Appendix A, Informative: Code Layout Sample

# External records and functions:
.record Record1 <external>
.function Record1.function1(Record1 a0, f64 a1) <external>

.record Foo <java.extends=SomeRecord> {
    i32 member1 <java.access=private>
    i32 member2 <java.access=public>
    i32 member3 <java.access=static, java.instantiation=static>
}

.function Foo.constructor1(Foo a0) <java.ctor>
{
    # code for an overloaded "constructor" (whatever you mean by it)
}

.function Foo.constructor2(Foo a0, i32 a1) <java.ctor>
{
    # code for an overloaded "constructor" (whatever you mean by it)
}

.function Foo.func1(Foo a0, i32 a1) <java.access=public>
{
    # code
}

# "Interface" function:
.function Foo.func2(Foo a0, i32 a1) <noimpl>

.function entry_point(_panda_array_string a0)
{
    # After loading the binary, control will be transferred here
}

Apart from metadata annotations, Foo. prefixes (remaining a pure naming convention for the assembler!) can be additionally processed during linkage to "bind" functions to records making them "true" methods from the OOP world.

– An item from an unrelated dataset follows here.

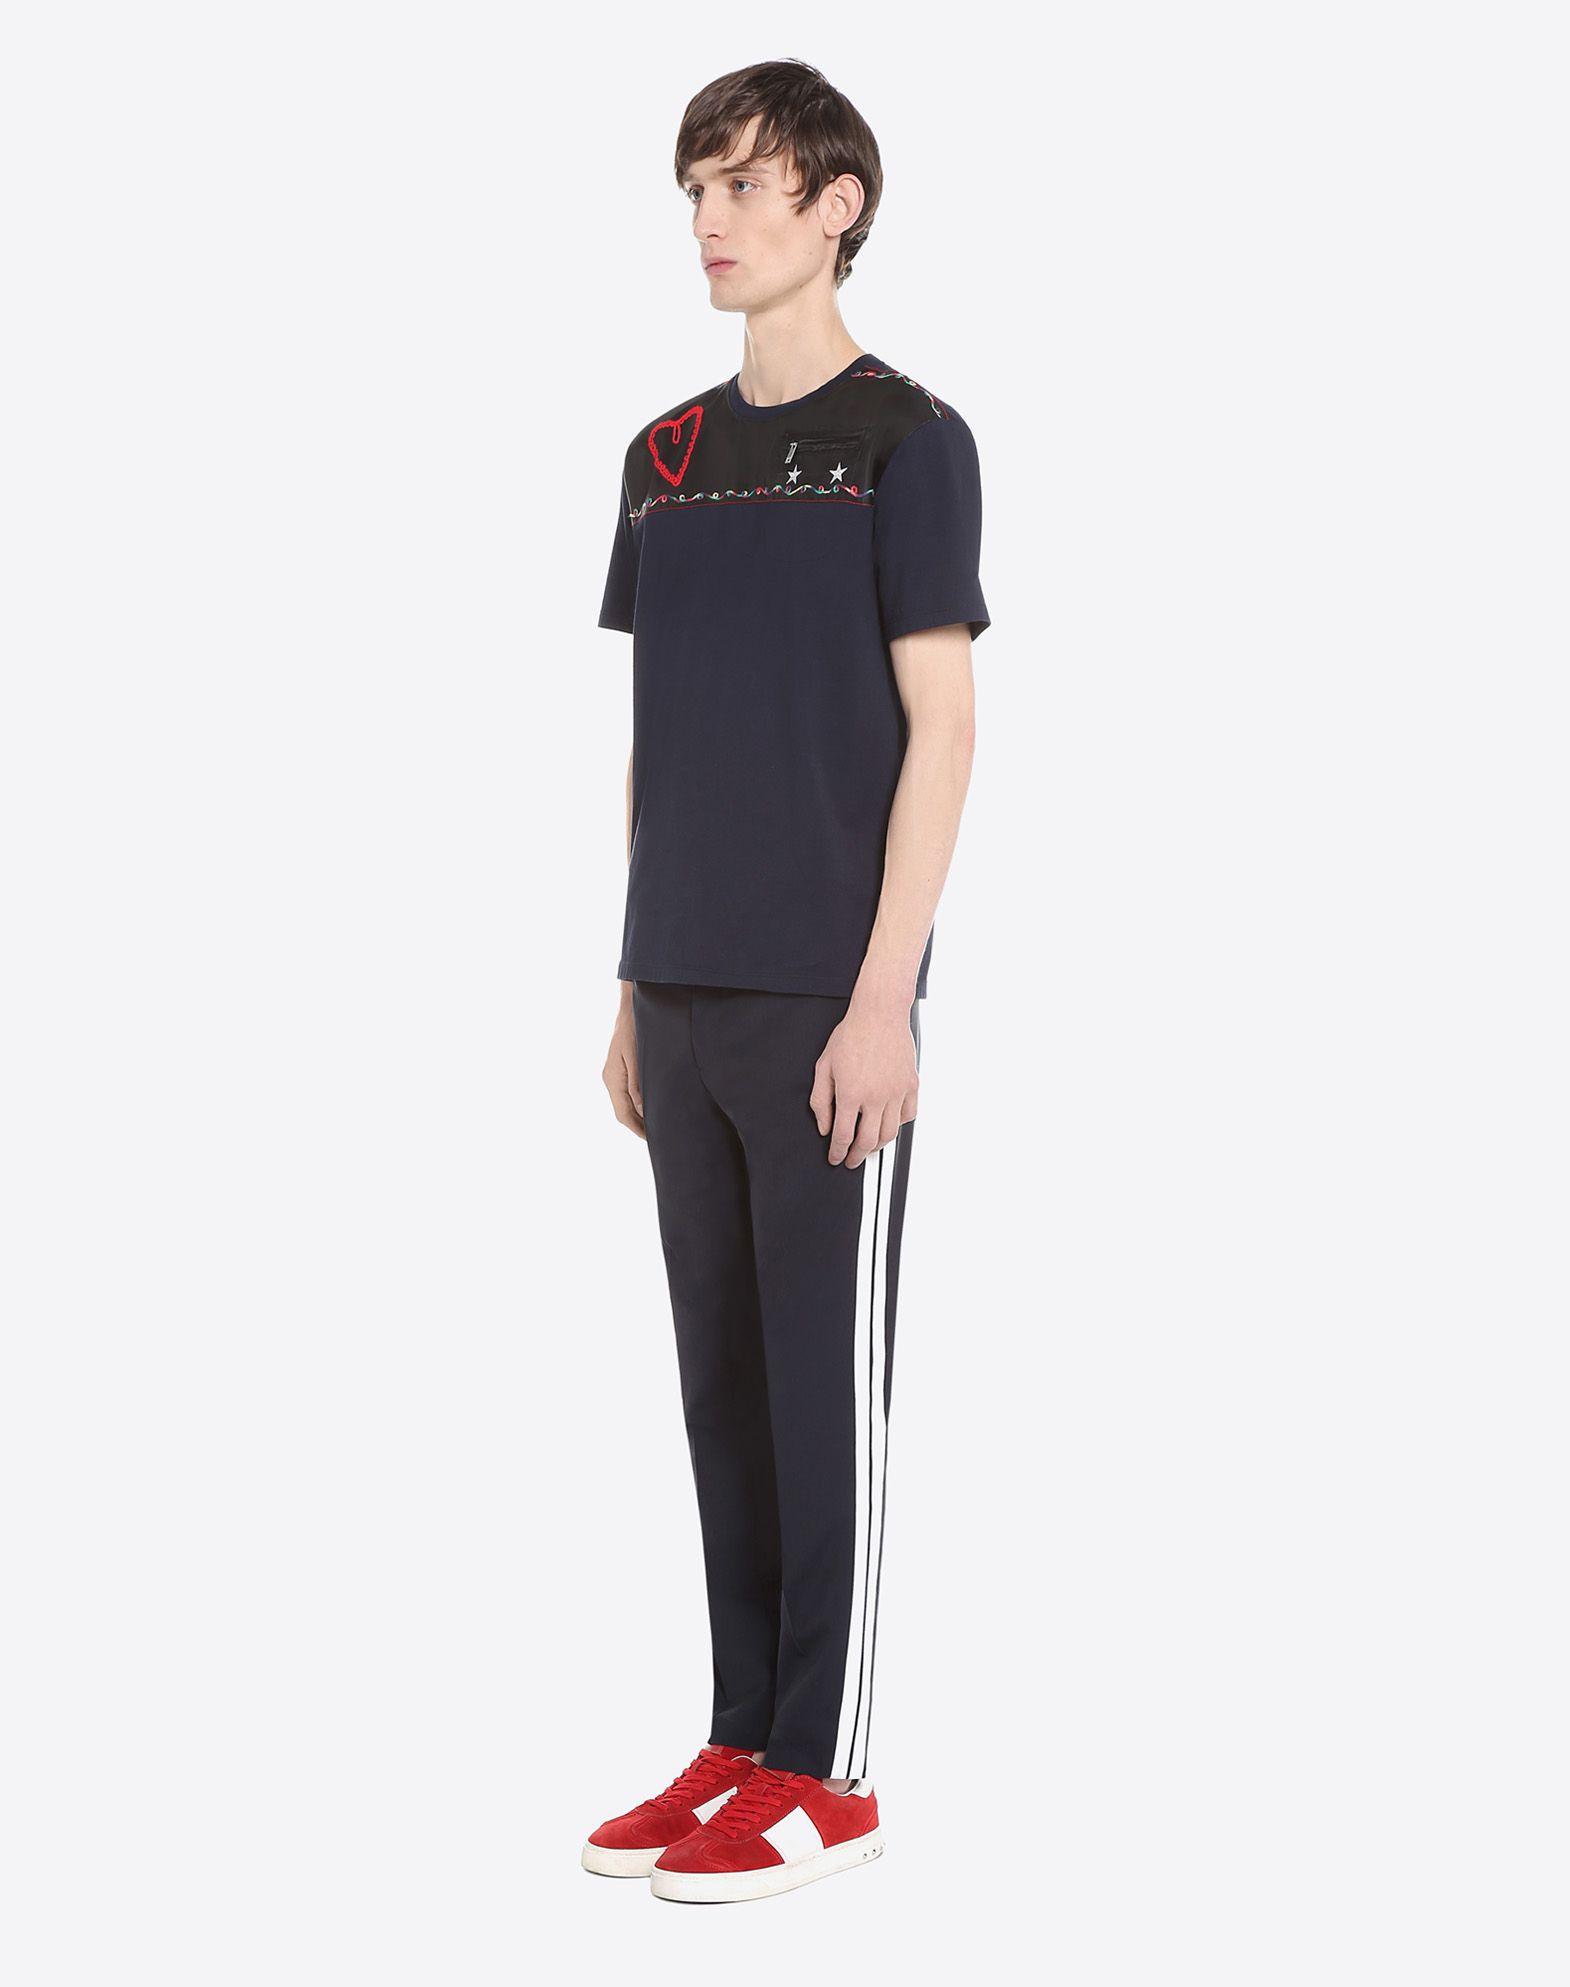 VALENTINO Solid colour Round collar  12032285kh

Strings and arrays can be thought as external record with some manipulating functions. There is no support for generics due to the low-level nature of the assembler, hence arrays of different types are implemented with different external record.

Appendix B, Informative: Mapping Panda Assembler TYpes to JVM Types

This section serves purely illustrative purposes.

Panda Assembler Type Corresponding JVM Type
u1 bool
u8 N/A
i8 byte
u16 char
i16 short
u32 N/A
i32 int
u64 N/A
i64 long
f32 float
f64 double
cref N/A
dref reference

Appendix C, TODO List

  • Specify cref and indirect calls to functions.
  • Elaborate on bytecode definition.
  • Compose formal definitions for literals.